Consider buying one of these:

http://bosch.cpotools.com/other_tools_and_equipment/digital_protractors/daf220k.html

Set the angle of the joint, set the spring angle, and voila! gives you the bevel and mitre.


----------



## Jim Allen (Dec 8, 2008)

I was thinking this morning how we could make this even more challenging, we could always throw the corners out of plum in both directions and lets add and arch to the top of the wall, now that takes on a different meaning to the word challenge. I think it would be fun though.:no:


----------



## world llc (Dec 9, 2008)

Jim Allen said:


> I was thinking this morning how we could make this even more challenging, we could always throw the corners out of plum in both directions and lets add and arch to the top of the wall, now that takes on a different meaning to the word challenge.
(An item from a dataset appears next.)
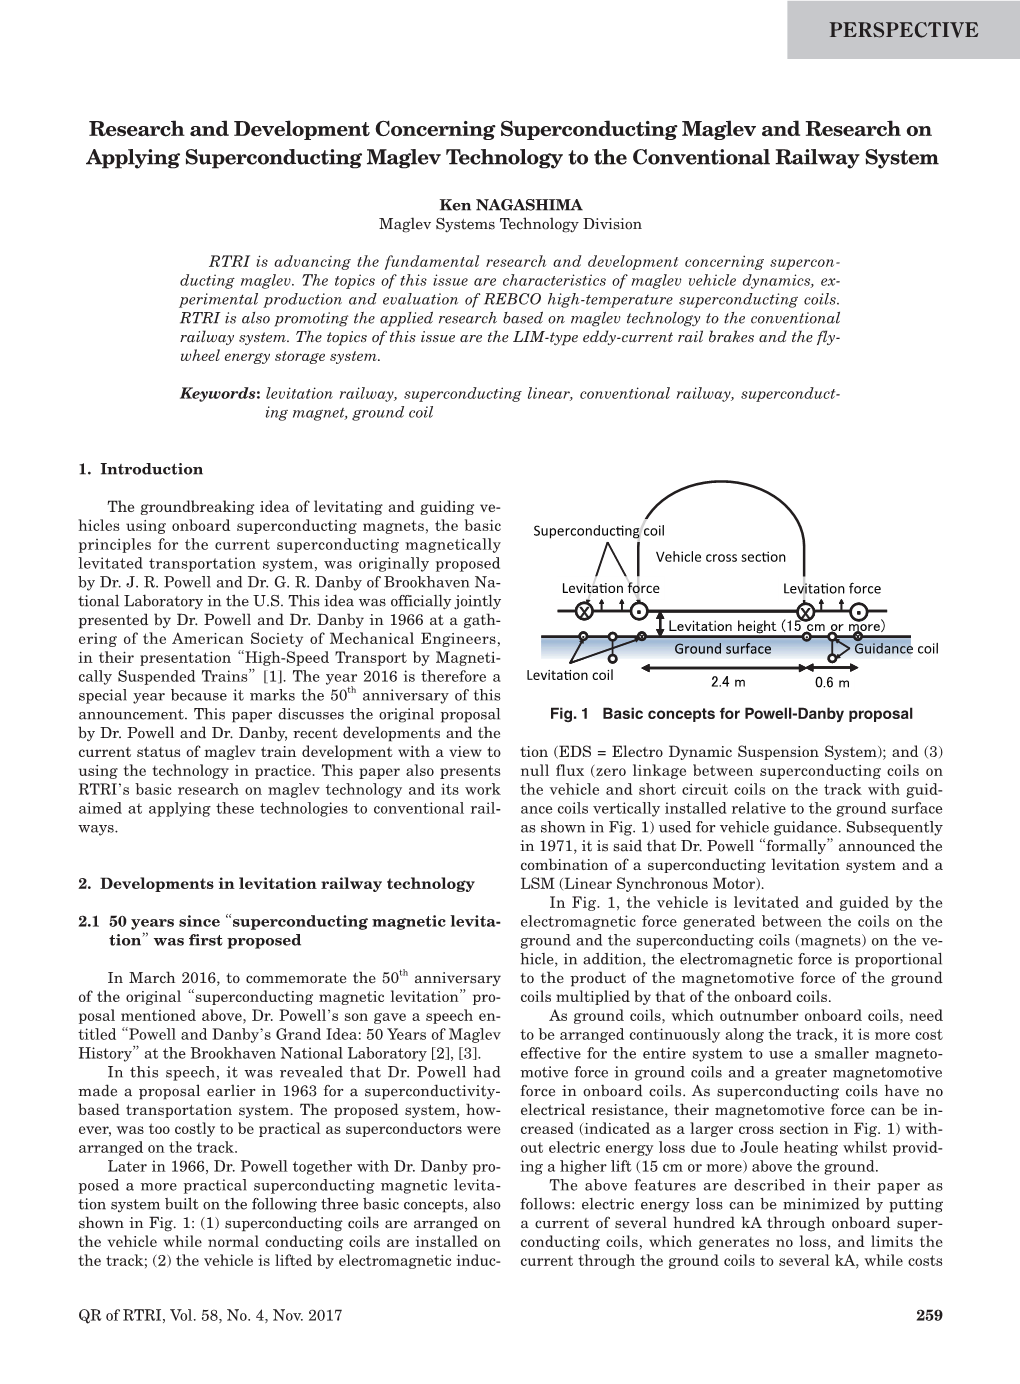 Research and Development Concerning Superconducting Maglev and Research on Applying Superconducting Maglev Technology to the Conventional Railway System

I think it would be fun though.:no:


why don't we just make a 3 dimensional 16 point star out of crown molding... just to keep it interesting:jester:


----------



## reveivl (May 29, 2005)

world llc said:


> why don't we just make a 3 dimensional 16 point star out of crown molding... just to keep it interesting:jester:


That's for rookies, make it a 17 point star.:jester:


----------



## DrewD (Jun 10, 2007)

Just don't mention false corners to the HO. They can be a nightmare to make.


----------



## skymaster (Oct 23, 2006)

Jim Allen: MY plane is bigger and better than yours ROFLMAO


----------



## Jim Allen (Dec 8, 2008)

*Plane*

Yes it is!, how about this one--->












or this one---->






:thumbup:


----------